▶ **Your assignment**: Using the data that follows, give again word for word the lines between the one holding "El restaurante Hunan" and the one holding "POISESE Portugal2020", inclusive. Omit the pictures.

▶ **Data**:
-- -- --

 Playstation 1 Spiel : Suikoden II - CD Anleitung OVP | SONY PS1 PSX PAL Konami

-- -- --

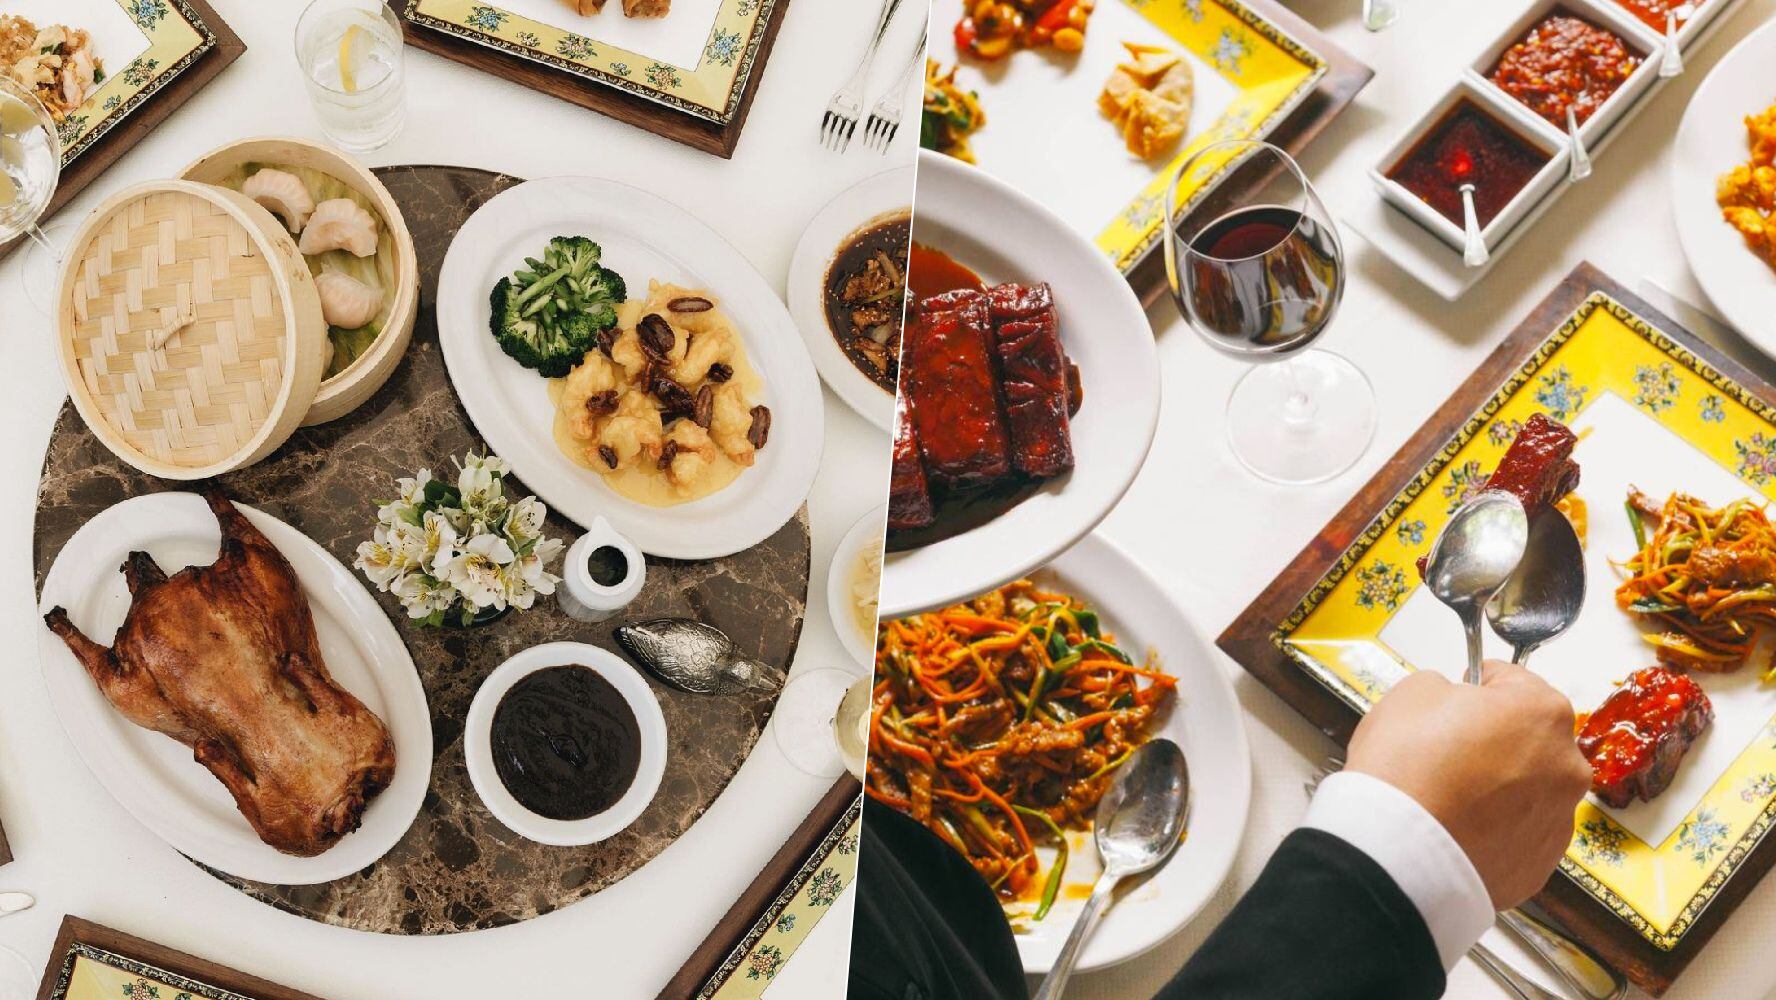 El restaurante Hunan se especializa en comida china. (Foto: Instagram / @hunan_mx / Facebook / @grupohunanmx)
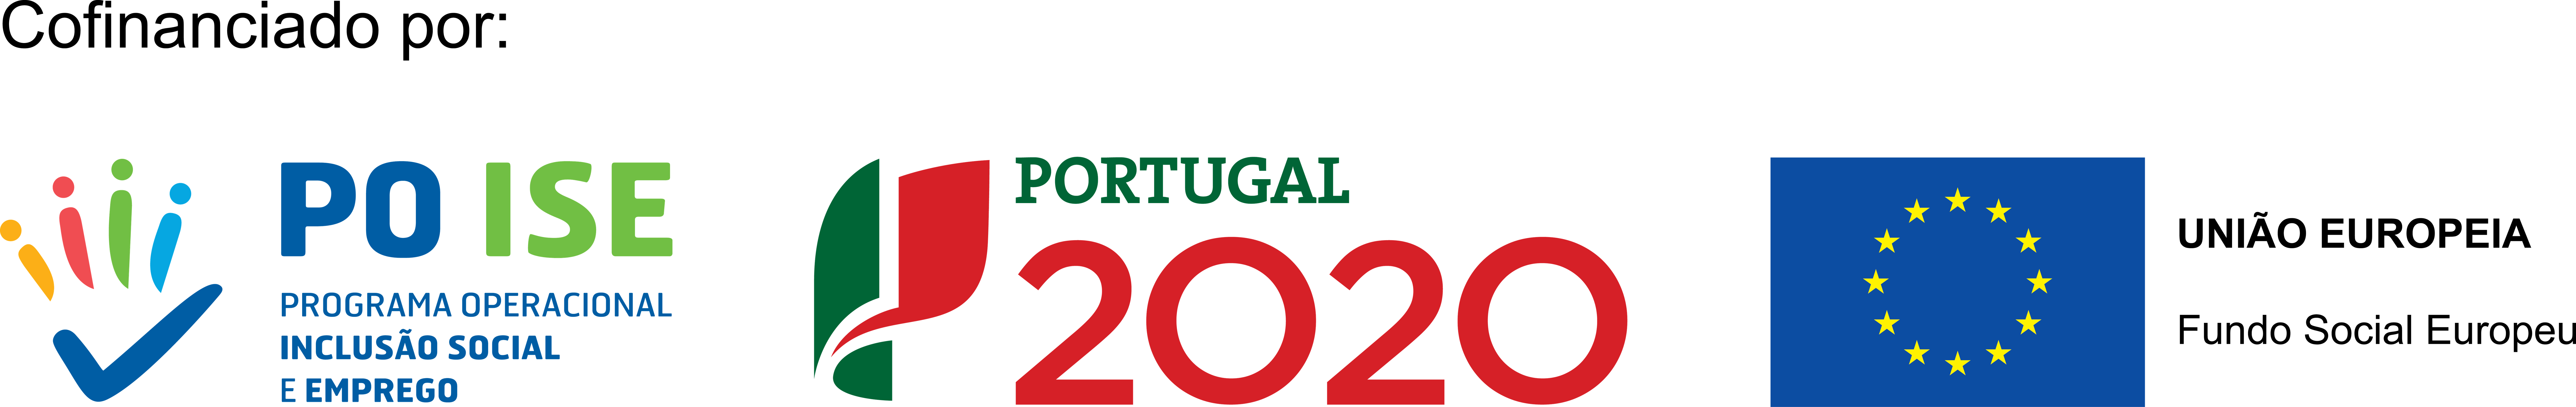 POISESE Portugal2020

-- -- --

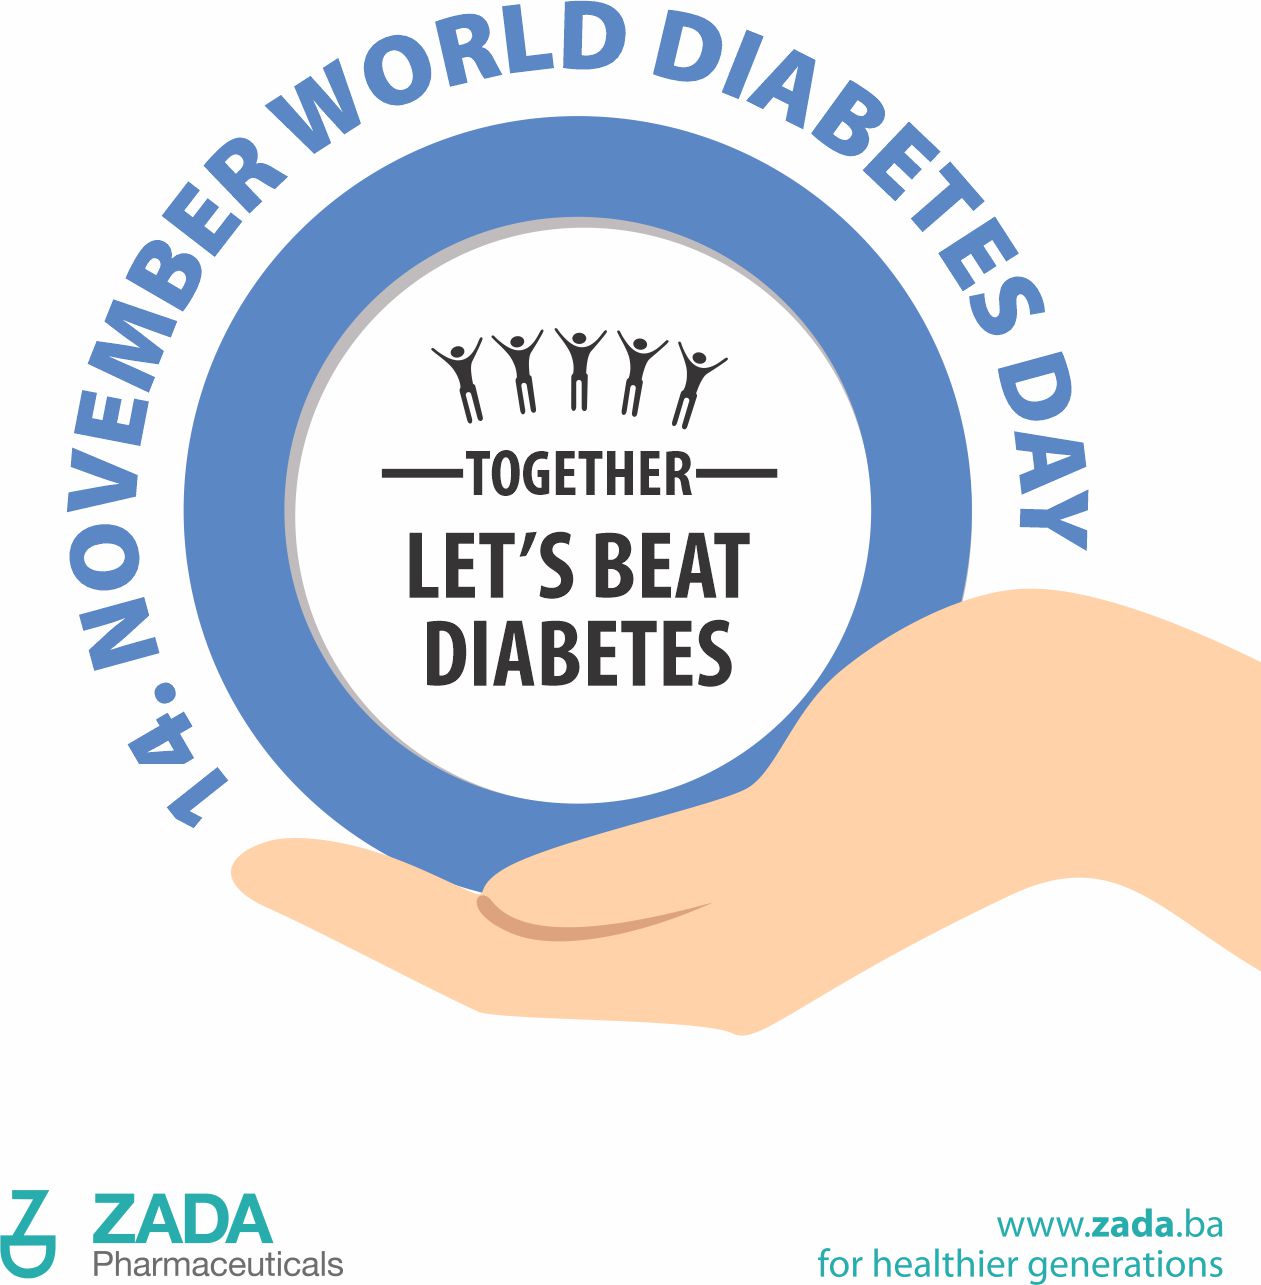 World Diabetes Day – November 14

-- -- --

▶ **Response for this exercise**:
 El restaurante Hunan se especializa en comida china. (Foto: Instagram / @hunan_mx / Facebook / @grupohunanmx)
 POISESE Portugal2020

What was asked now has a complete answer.